Primary Instrument: Vocal
It was at an early age Alan realized the importance that music would play in his life. The Spinners, Stevie Wonder, Nancy Wilson, A Tribe Called Quest, Groove Theory and the true gems of the likes of Duke Ellington, John Coltrane, and Ella Fitzgerald built his musical love and foundation.
As Alan started performing around his native city of Houston as a high school student, his talent couldn't be ignored winning accolades and awards in local clubs, festivals, and talent shows. He was recognized on the collegiate level as well, as he was pursued by some of the best music institutions in the country after becoming a NFAA Awardee (National Foundation for Advancement in Arts).

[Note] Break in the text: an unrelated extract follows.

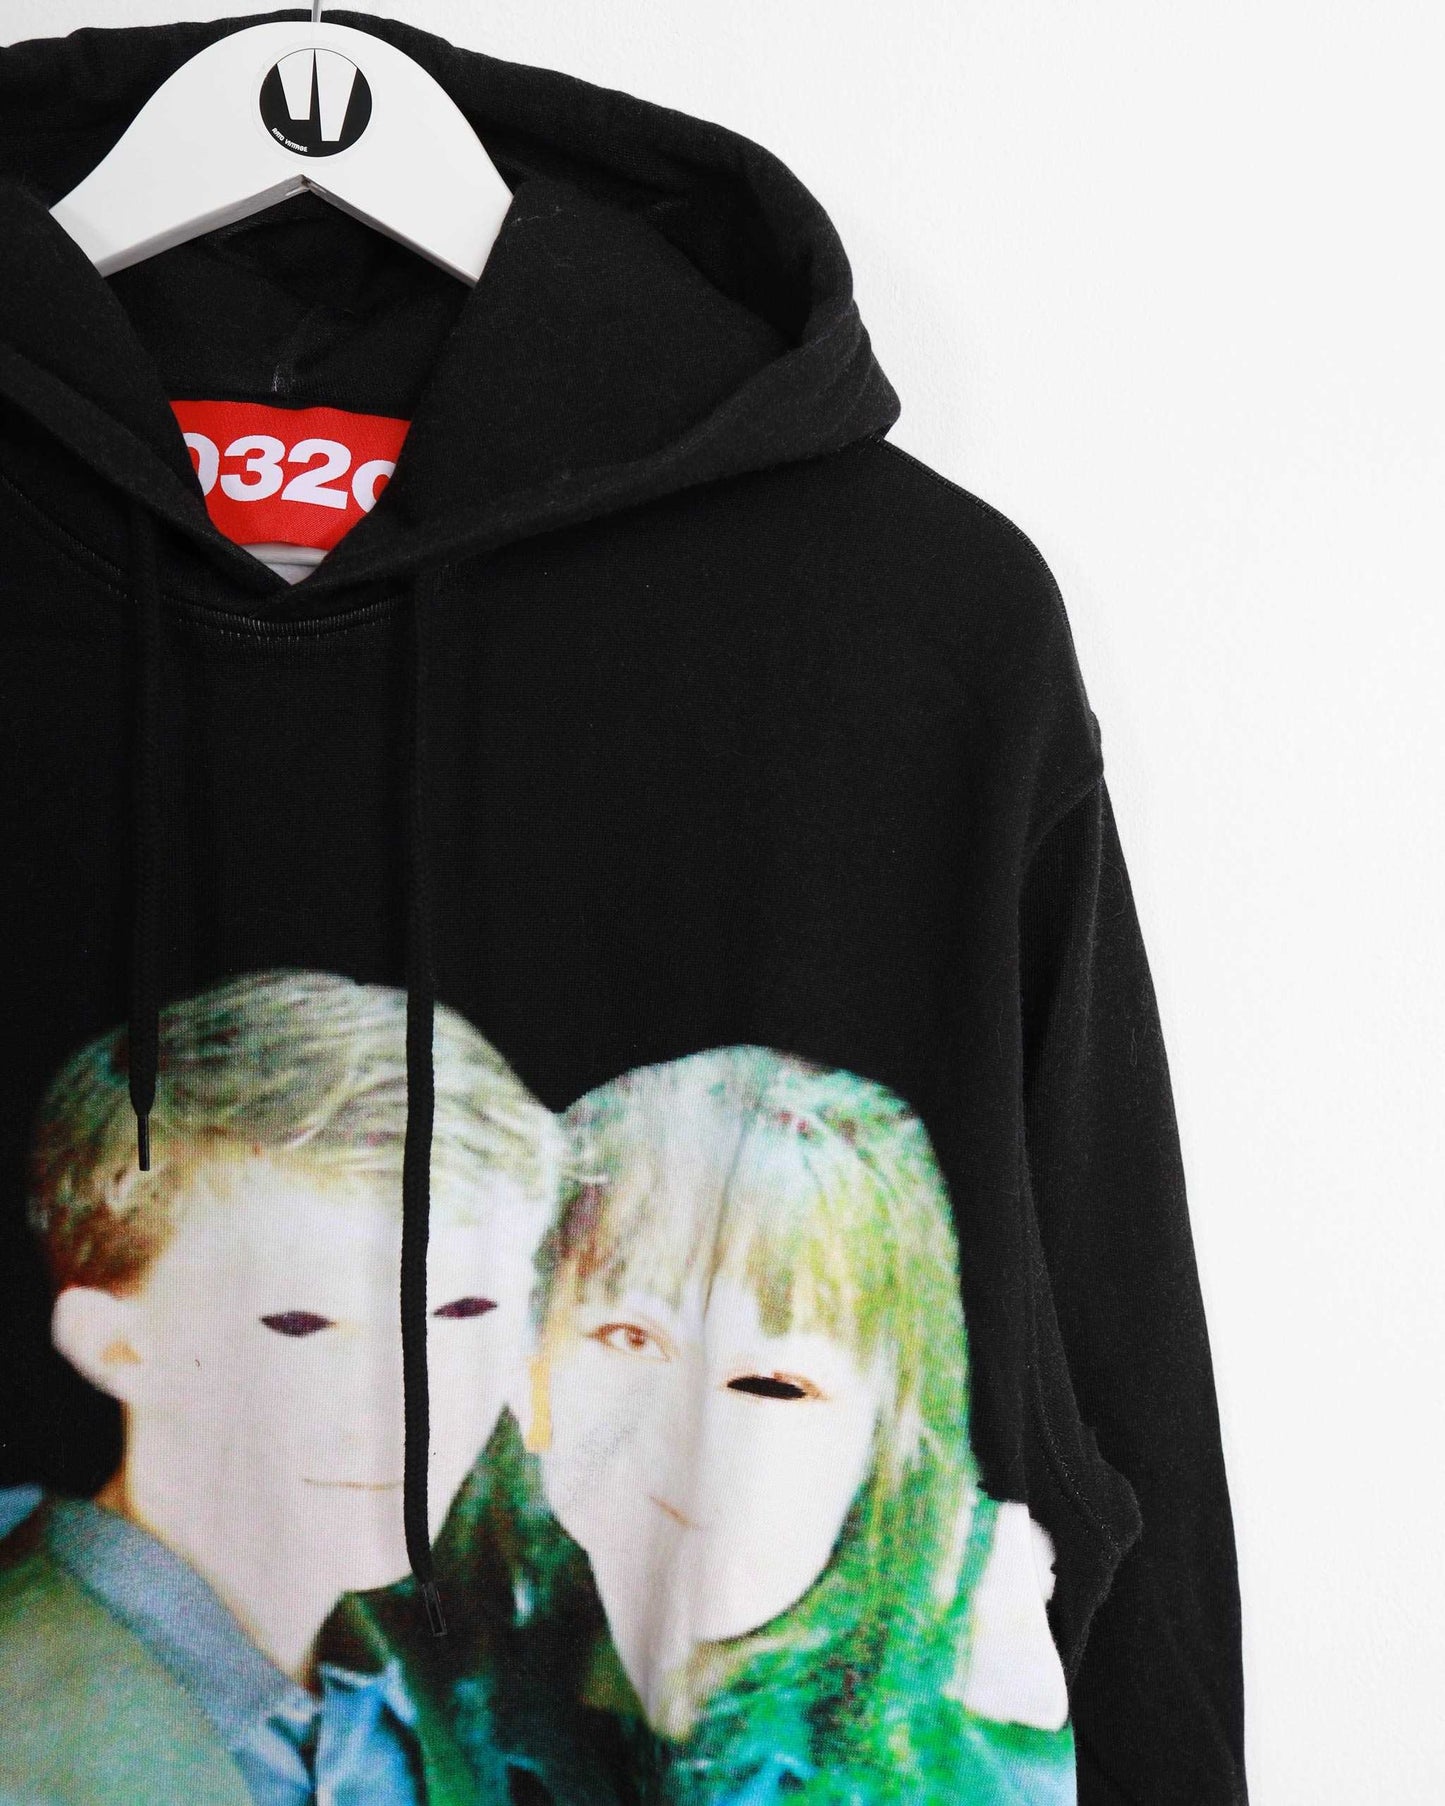 032c pullover hoodie

Alan studied at Juilliard and then at New York University as a Master candidate in Vocal Performance. It was short time after this period that he met Rick Germanson, a NYC pianist who has built a solid career as a leader and side man to many of the industries' elites. Rick quickly became Alan's primary accompanist and collaborator, each bringing their own unique musical influences to create a sound that interjects soul, funk, and blues to a solid center of jazz.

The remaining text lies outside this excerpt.